Mercedon submits a 15-price pneumonia vaccine listing application! Impact Pfizer's $6 billion heavyweight product

If approved for listing, the V114 will have an impact on the market landscape of Pfizer's 13-price pneumococcal polysaccharide-binding vaccine, Prevenar 13.
because V114 contains not only all 13 serotypes of Prevenar 13 (1, 3, 4, 5, 6A, 6B, 7F, 9V, 14, 18C, 19A, 19F, 23F), while adding 2 serotypes 22F and 33F, which are common in invasive pneumococcal diseases in the elderly, are not covered by the pneumonia vaccine products currently on the market.
7/13 is Pfizer's home product, with global sales of nearly $6 billion in 2019 and an 11% contribution to Pfizer's overall sales revenue.
Pfizer Prevenar 7/13 Vaccine Global Annual Sales Source: NextPharma V114 was awarded FDA-granted breakthrough therapy in January 2019 to prevent invasive pneumococcal disease in pediatrics ages 6 to 18 and adults over the age of 18.
's application is based on the results of a number of Phase II and III studies conducted in different populations, including healthy and high-risk groups (e.g., people with chronic diseases, HIV infections, people over 65 years of age).
pneumococcal disease is a type of disease caused by pneumococcal infections, including non-invasive diseases such as pneumonia, sinusitis and otitis middle, as well as meningitis.
more than 90 different types of pneumococcal bacteria, which affect adults and children differently.
study found that invasive pneumococcal diseases caused by serotypes 22F and 33F were associated with higher death rates and longer hospital stays in adults.
September, Mercadon announced the first-line results of two Phase III studies evaluating the safety and immunogenicity of V114.
in the Phase III PNEU-AGE study, the immune response rate of V114 was not inferior to that of PCV13 in people over 50 years of age, and V114 was better in response to 22F and 33F serotypes.
in another Phase III PNEU-TRUE study, healthy subjects over the age of 50 had a consistent immunological response to the 15 serotypes they covered after being vaccinated in different batches of V114, reaching the primary endpoint of immunogenicity.
October, Mercedon announced the success of two other Phase III studies of V114.
PNEU-PATH study included 652 healthy adults over the age of 50 who were randomly vaccinated against V114 or PCV13, and who were vaccinated against Pneumovax 23 a year later.
results showed that two vaccination groups responded equally to 15 serotypes of V114 after being vaccinated against Pneumovax 23.
addition, on the 30th day of vaccination V114 or PCV13, two groups of subjects responded equally to the 13 serotypes of the vaccine, and the V114 group responded more highly to 22F and 33F serotypes.

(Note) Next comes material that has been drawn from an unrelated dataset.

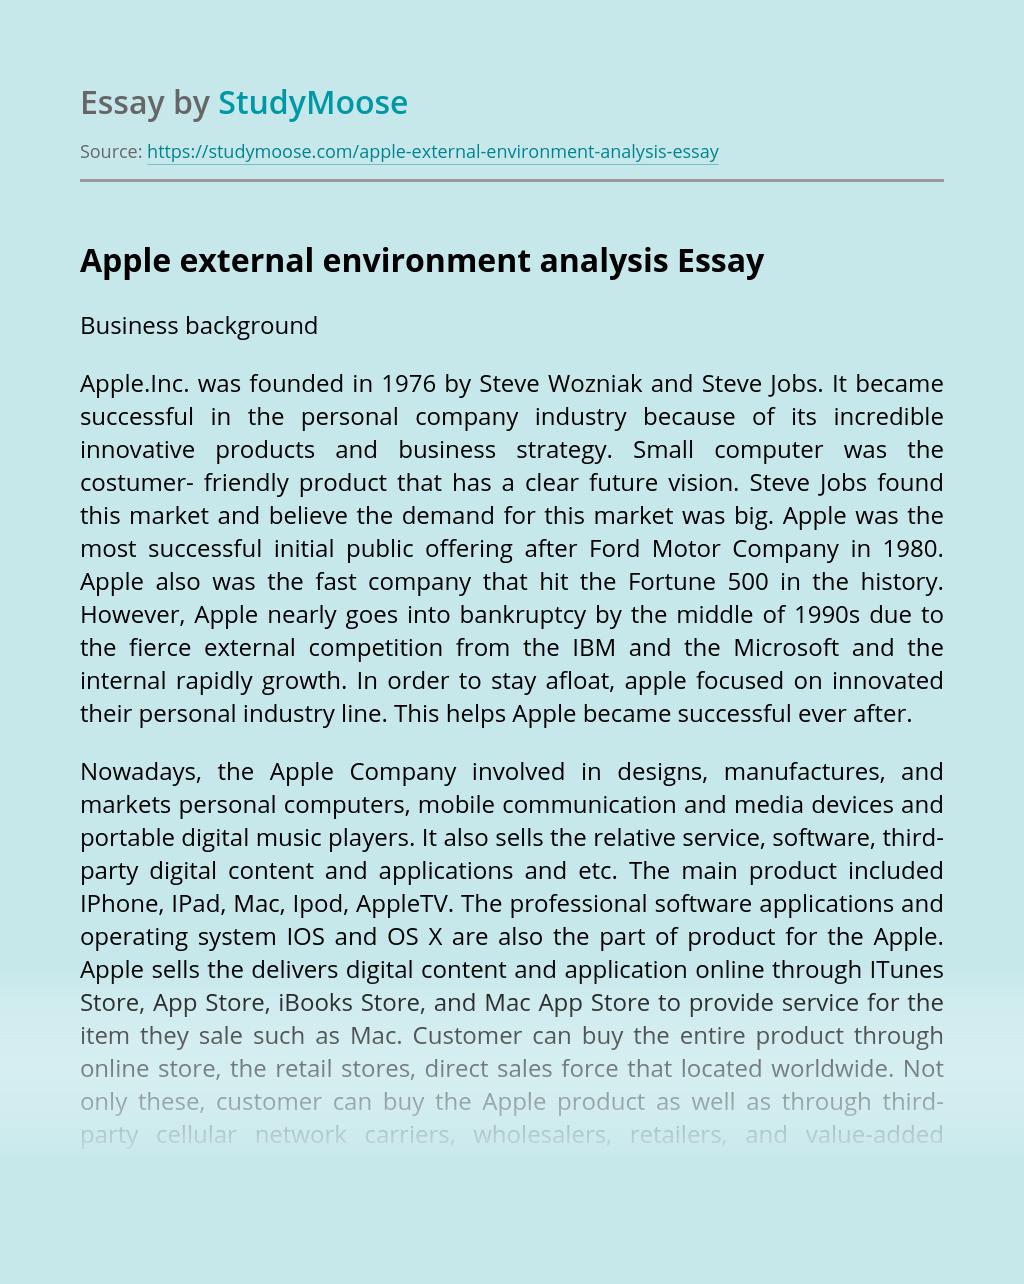 Apple external environment analysis

PNEU-DAY study included 1,512 subjects aged 18-49 who had an increased risk of pneumococcal disease due to underlying or lifestyle conditions.
were randomly vaccinated against V114 or PCV13 and Pneumovax 23 after 6 months.

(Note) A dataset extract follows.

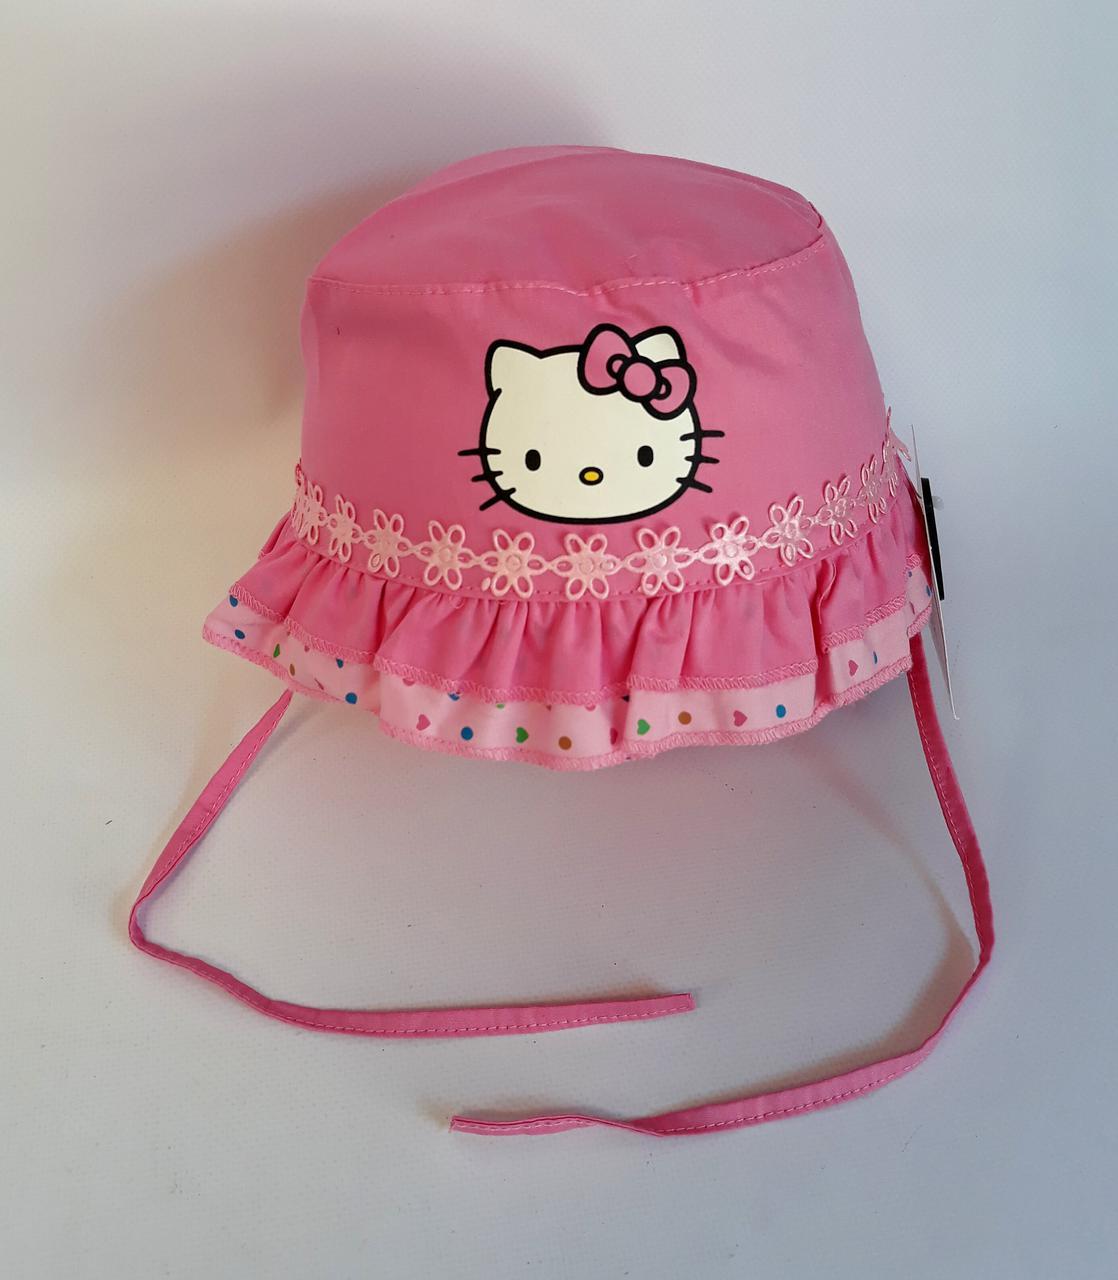 Головной убор для девочки. Панамка Hello Kitty Размер 50 UGR-328(50) Турция

results showed that the V114 group had the same immune response to the total 13 serotypes as the PCV13 group, and the V114 group had a higher immune response to 22F and 33F serotypes.
Dr Roy Baynes, chief medical officer, global clinical program leader and senior vice president of Mercado, said: "For more than a century, Mercado's researchers have developed vaccines that help address some of the major public health challenges in society, a tradition reflected in our pneumococcal vaccine portfolio.
V114 helps us have more options when it's time to prevent pneumococcal disease.
" faced with the challenge of V114, Pfizer is naturally not ready to die, it is vigorously developing a new generation of 20-price pneumococcal binding vaccine PF-06482077 (20vPnC).
20vPnC vaccine contains all 13 serotype pneumococcal strains contained in Prevnar 13, as well as seven additional common serotype pneumococcal strains that cause invasive pulmonary disease and pneumonia worldwide, so 20vPnC covers almost all of the U.S. and global The 20 major serotype pneumococcal strains prevalent in pneumonia, an upgrade to Pfizer's ace prevnar 13, were identified by the FDA as breakthrough therapies on September 20, 2018 to prevent pneumococcal invasive diseases and pneumonia in adults over the age of 18.
March 18, Pfizer released the top-line results of a Phase III clinical study of 20vPnC.
The randomized, double-blind study (NCT03760146) included 3,880 adults over the age of 18 with no history of pneumonia vaccination, with the main endpoint being differences in immunization effectiveness of 20vPnC, Prevnar 13 or PPSV23 for people over 60 years of age, and 20vPnC for people over 18 years of age.
end point was the difference in immune effectiveness of 20vPnC, Prevnar 13 or PPSV23 in people aged 18 to 59.
results showed that one month after the 20vPnC vaccine was given to adults over 60 years of age, the immune effectiveness of the 13 strains containing prevnar containing 13 serotype pneumococcal strains was no less effective than that of prevnar 13. PPSV23 contains 6 of the 7 additional serotype pneumococcal strains produced no less immune effectiveness than vaccination PPSV23, and the immune effectiveness of one of the serotype strains did not meet the non-inferior standards, but the gap is very small.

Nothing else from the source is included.